Wagner macht von seinem Aussageverweigerungsrecht als Angeklagter Gebrauch, wie seine auch im NSU-Prozess in München als Anwältin von Ralf Wohlleben tätige Verteidigerin Nicole Schneiders zu Beginn erklärte.

Gestern wurde die Schulsozialarbeiterin der beiden Mädchen gehört. Ihr haben sie sich anvertraut, woraufhin diese das Jugendamt verständigte, das die Mädchen aus der Familie holte und in einem Heim unterbrachte. Gerade die Kleine hätte aufgelöst und panisch von Vorkommnissen mit Wagner berichtet, der oft aufbrausend gewesen und handgreiflich geworden sei.

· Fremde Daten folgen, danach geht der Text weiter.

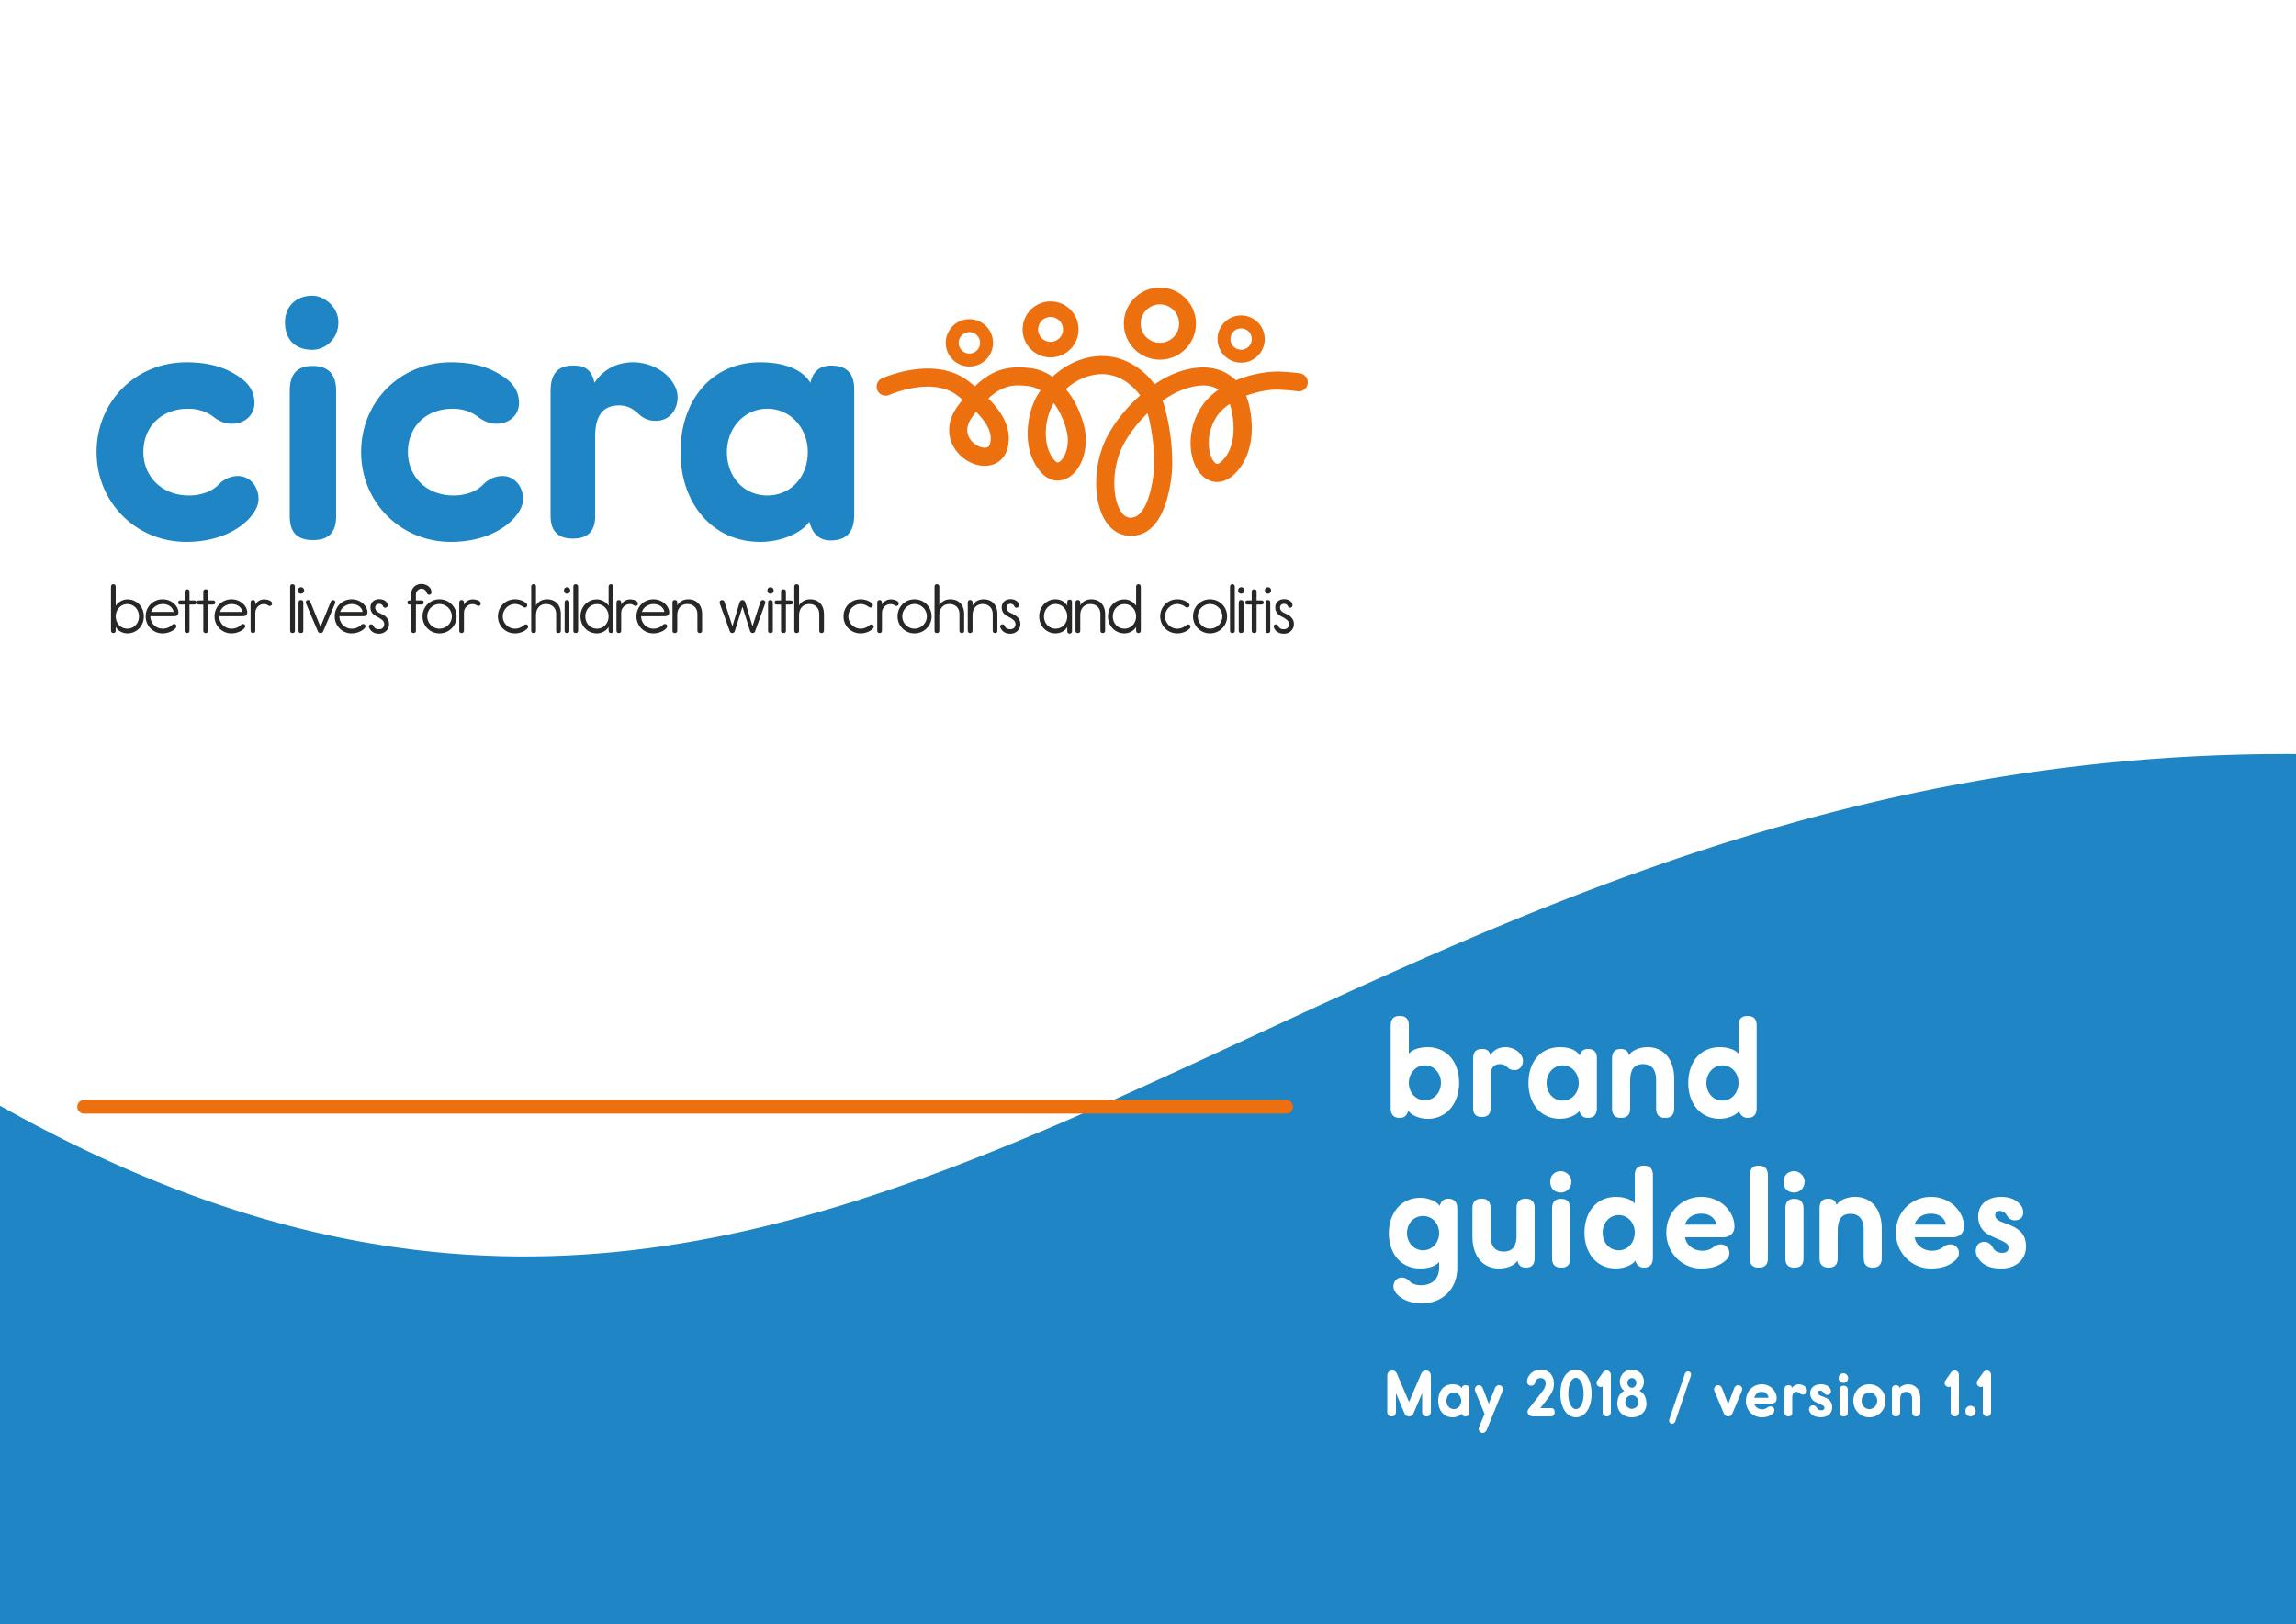 0188 CICRA Brand Guidelines_V1.1-1.jpg

Ein Parteifreund Wagners, der seinerzeit immer wieder die Familie besuchte, berichtete vor Gericht, von alldem überhaupt nichts mitbekommen zu haben. Er beschrieb Wagners Verhältnis zu den Kindern als "völlig normal" und den 41-Jährigen als fürsorglichen Menschen. Einmal habe er mitbekommen, dass die jüngere Tochter auf der Treppe gestürzt ist, das sei aber aufgrund ihrer Hyperaktivität öfter passiert. Wo sich zu dieser Zeit der Angeklagte im Haus befand, konnte der 28-Jährige aber nicht sagen. Er selbst wurde letztes Jahr am Landgericht zu einer Haftstrafe von fast drei Jahren verurteilt, da er während seiner Zeit in Wagners Familie die damals 13- und heute 17-jährige Stieftochter von Wagner geschwängert hat.

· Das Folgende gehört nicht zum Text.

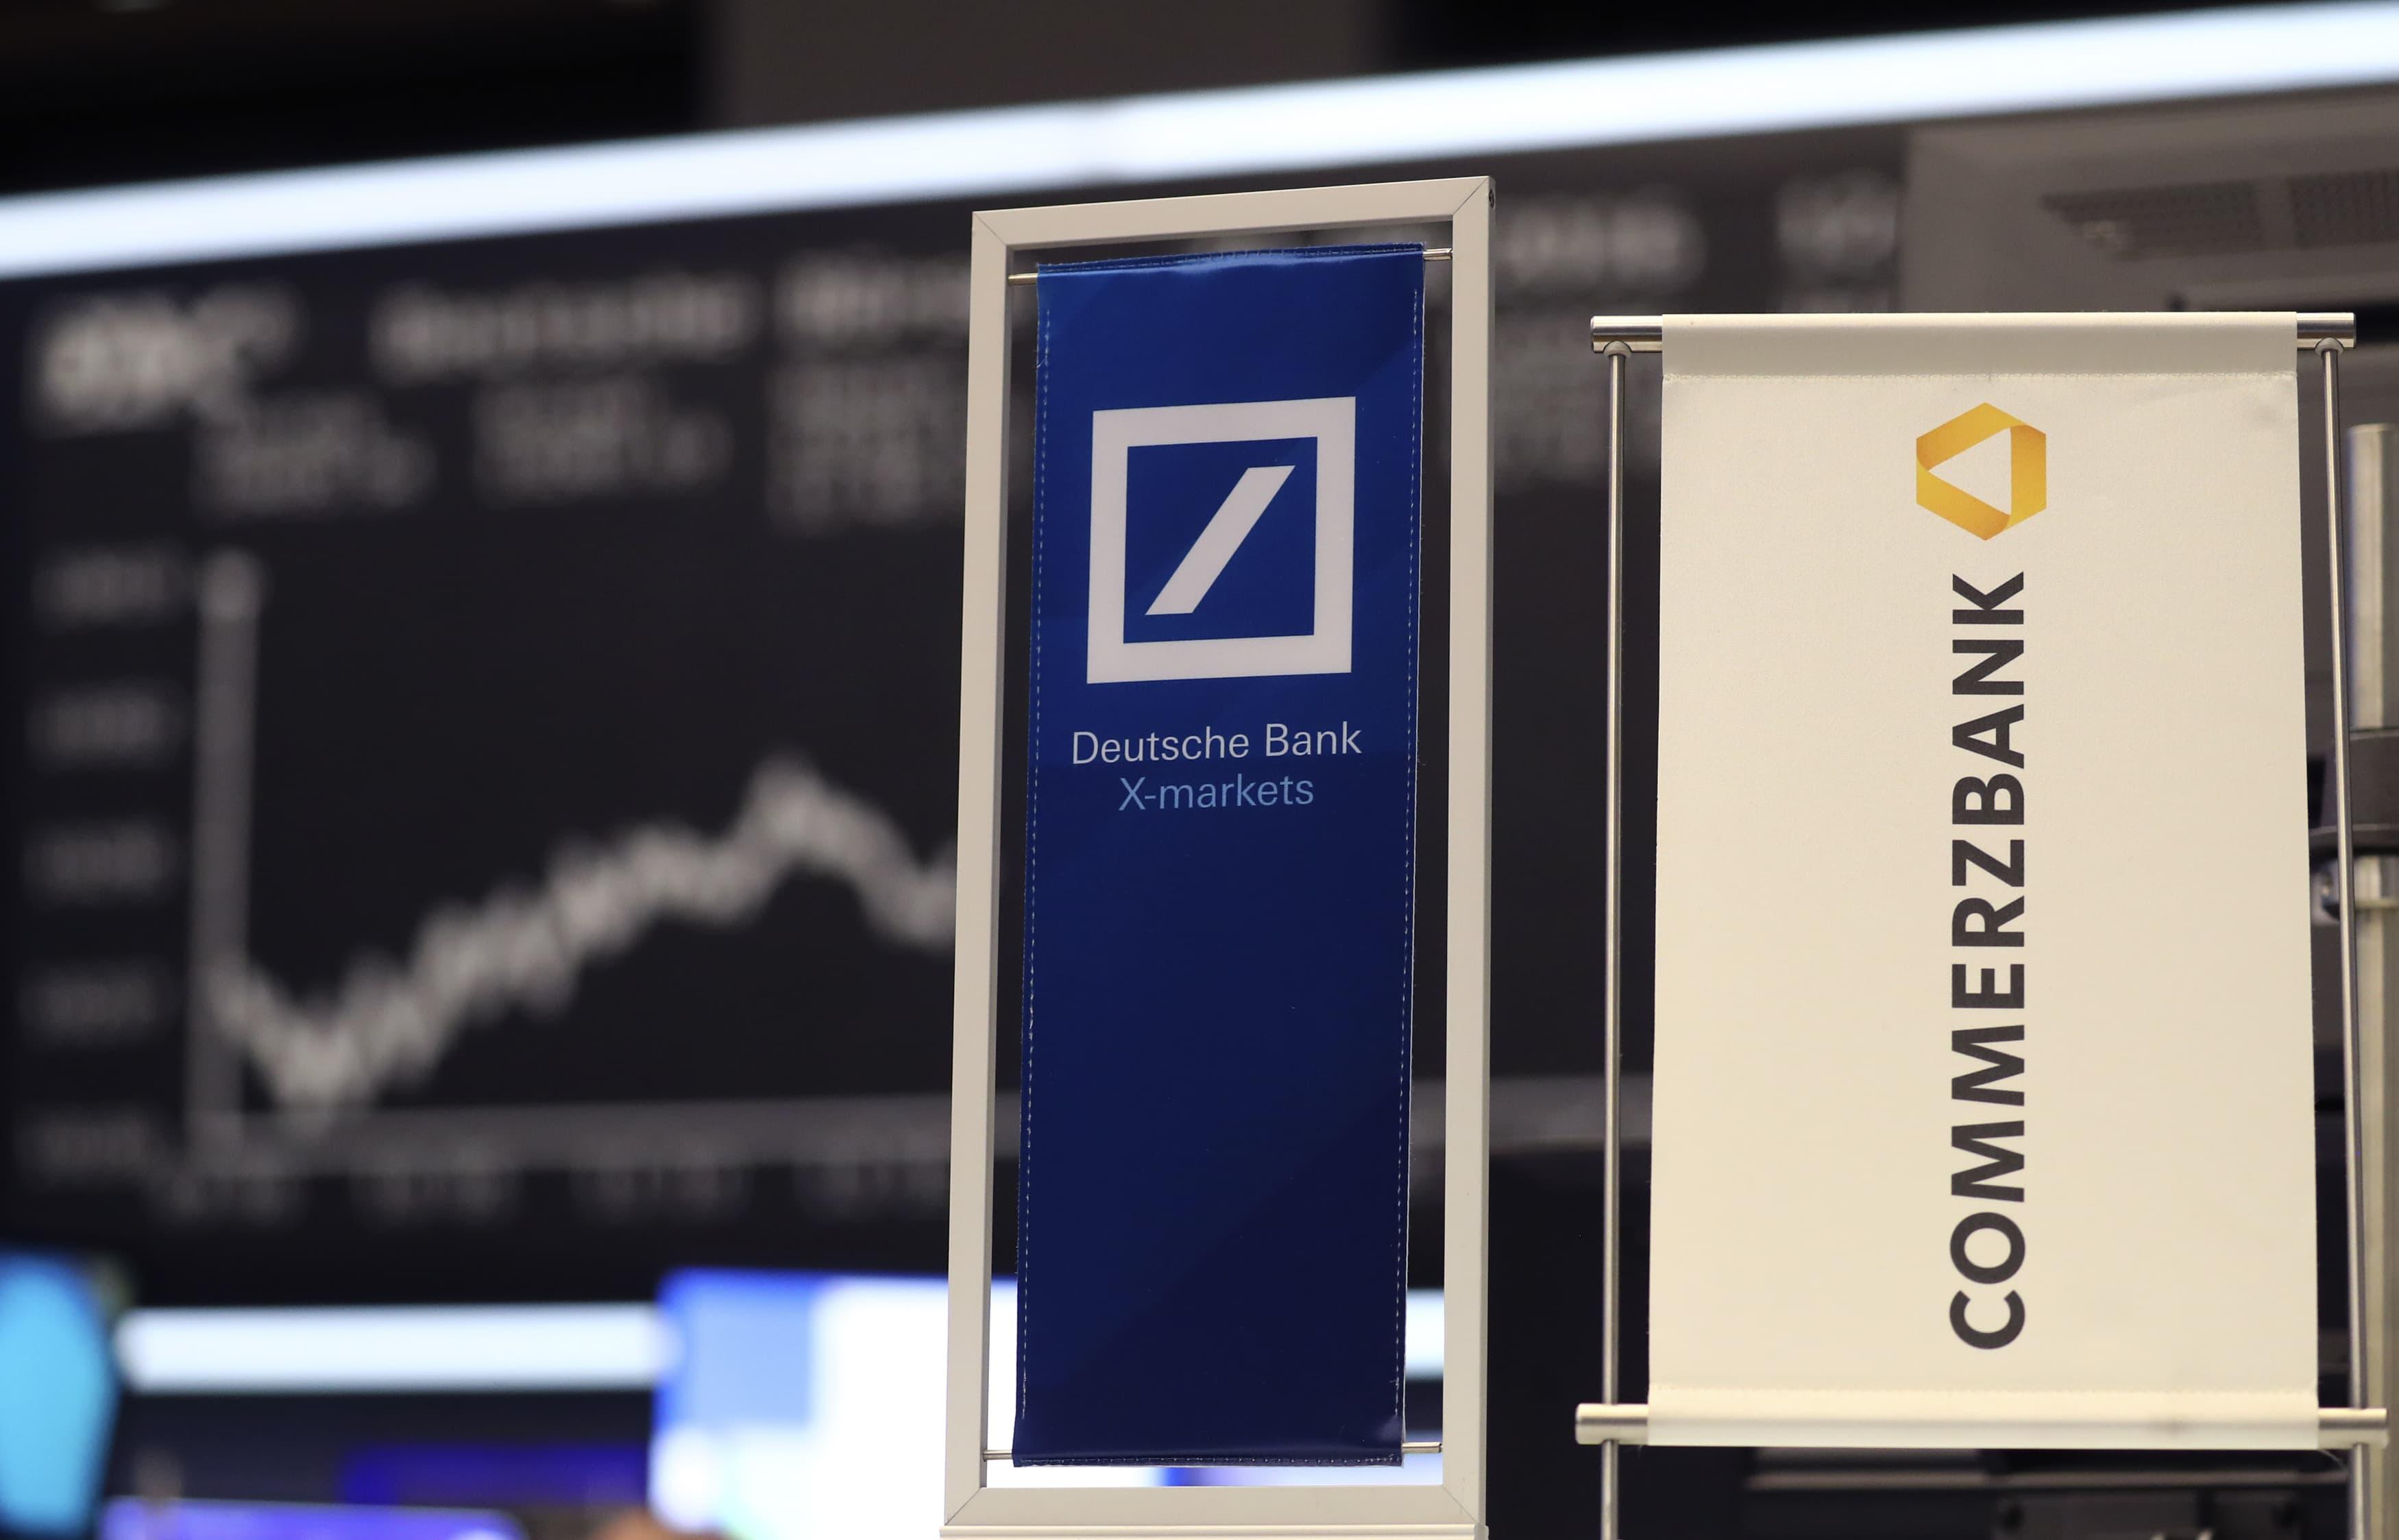 Deutsche Bank reportedly considered restructuring Trump's loans on worries he might default

Vielleicht habe die ältere Tochter im Juni 2010 bei den Gesprächen mit der Schulsozialarbeiterin die Heimunterbringung forciert und deshalb die körperlichen Übergriffe erfunden, da sie sich nicht traute, der Mutter und ihrem Stiefvater von der Schwangerschaft zu berichten, mutmaßte die langjährige Freundin von Wagners Frau. Ihr gegenüber habe die 17-Jährige damals unter Tränen erzählt, dass Wagner ihrer Schwester ins Gesicht geschlagen habe. Die 15-jährige Tochter, die die meisten Repressalien abbekommen haben soll, habe hingegen selbst nie was davon zu ihr gesagt.

Ihre eigene Tochter, Freundin und Vertraute der gleichaltrigen 15-Jährigen, erklärte, ihre Freundin habe ihr gegenüber geäußert, dass sie sich aufgrund seiner dominanten, aufbrausenden Art nicht gut mit Wagner verstehe und dass er sie geschlagen habe.

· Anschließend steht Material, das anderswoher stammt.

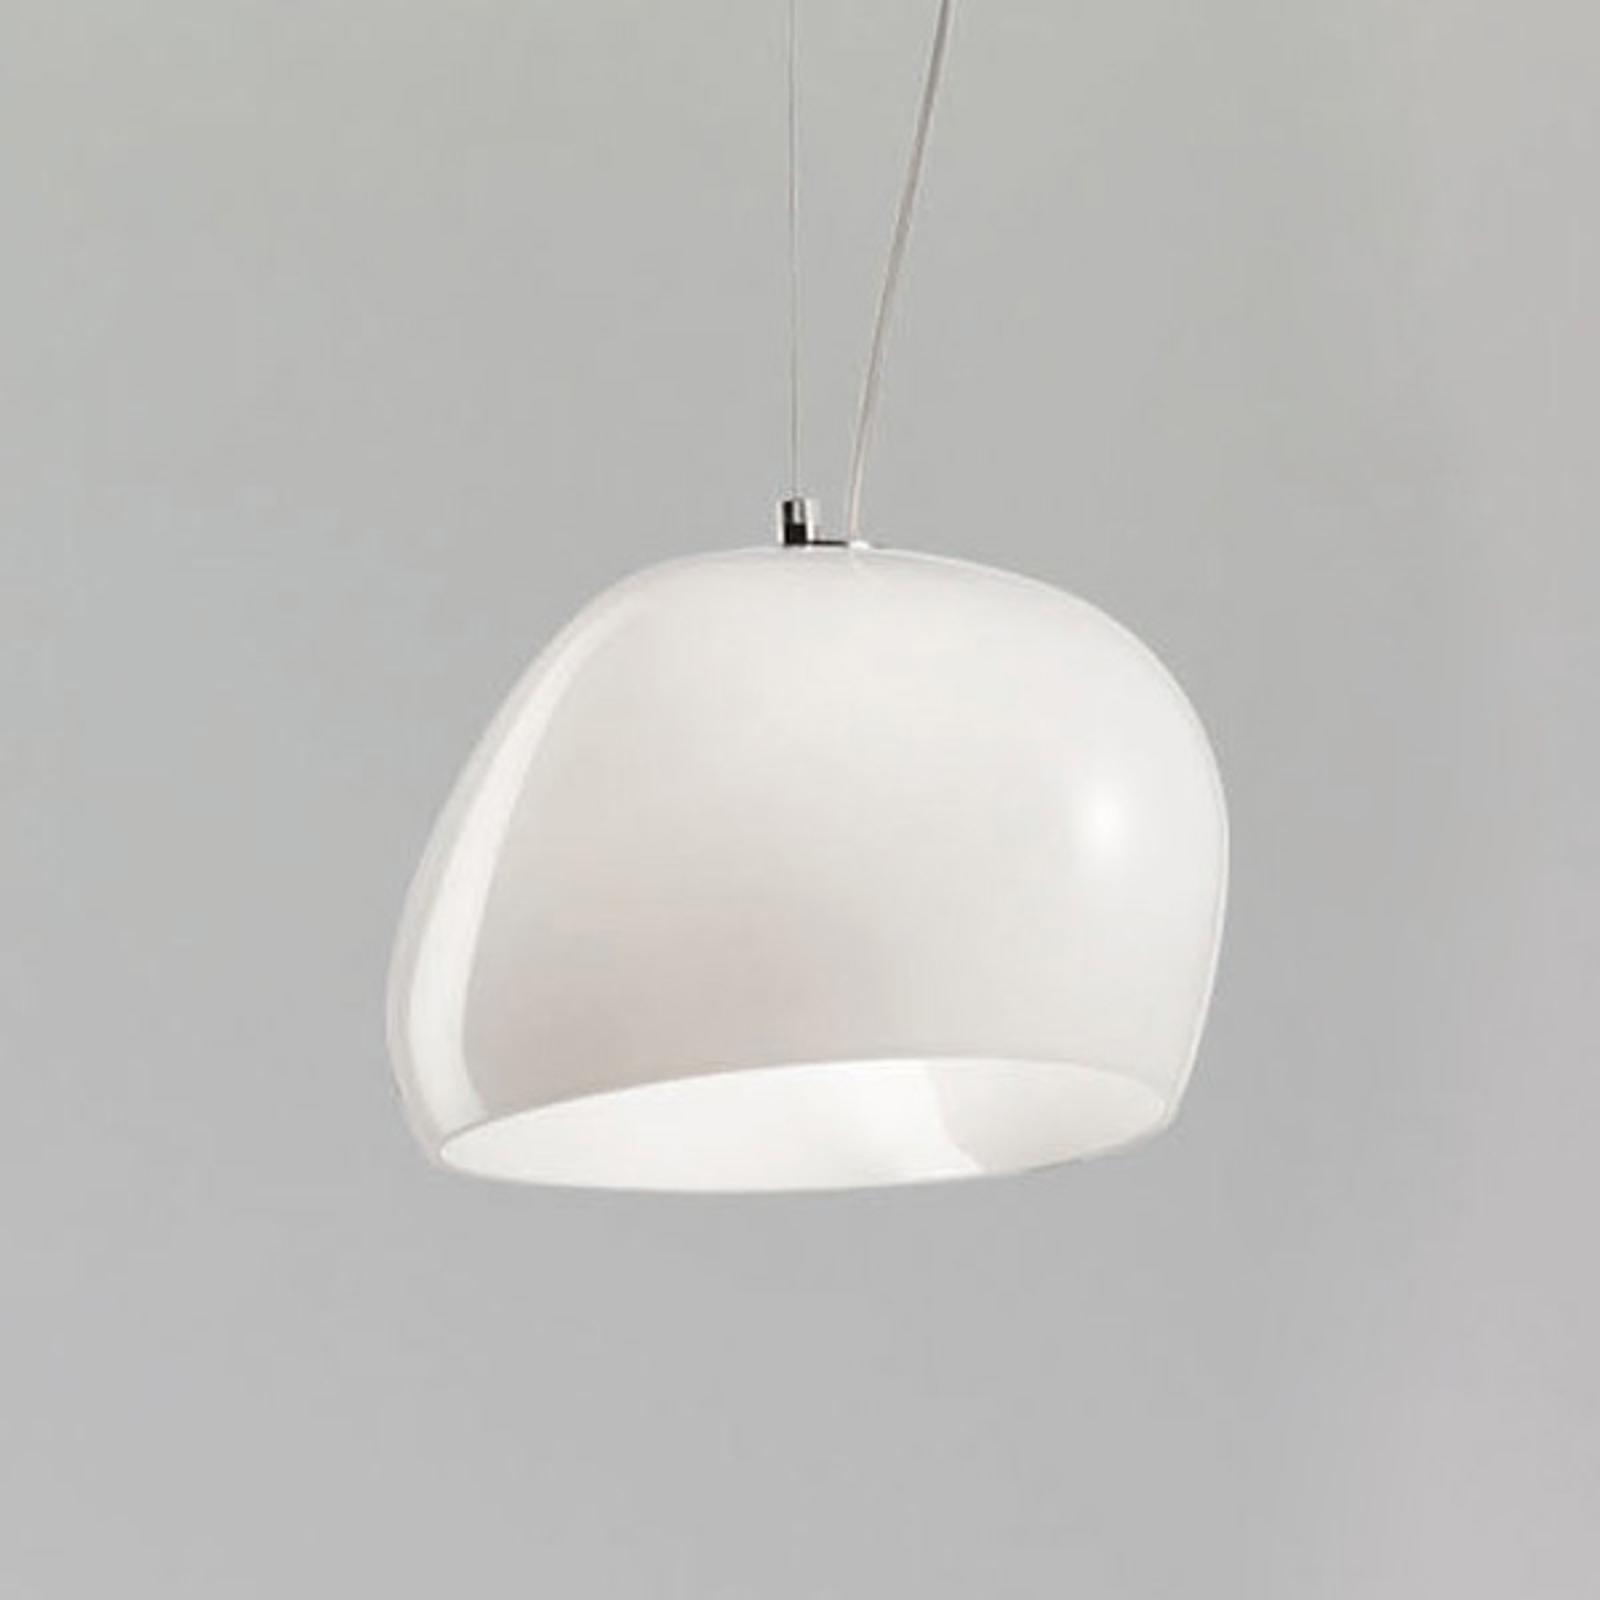 Lampa wisząca Surface Ø27 m E27 biała/matowa biała

Nach knapp sieben Stunden musste die Verhandlung während der Vernehmung von Wagners Frau unter Ausschluss der Öffentlichkeit abgebrochen werden, da der Angeklagte über gesundheitliche Probleme klagte. Eine als Sachverständige anwesende Ärztin riet dem Gericht, den Angeklagten nach Hause zu schicken. Er habe tatsächlich nicht gut ausgesehen, bestätigte danach auch der Staatsanwalt.

Dass er sich aufgrund seiner Erkrankungen nicht über mehrere Stunden konzentrieren kann, hatte seine Anwältin schon zu Prozessbeginn angemerkt. Der krankheitsbedingt auf Hartz IV angewiesene Wagner habe Diabetes und leide auch heute noch an den Folgen seiner Schlaganfälle aus den Jahren 2009 und 2010.

Weitere Prozesstermine sind für den 20., 22. und 31. Januar, 14. und 21. Februar sowie 10. und 14. März angesetzt.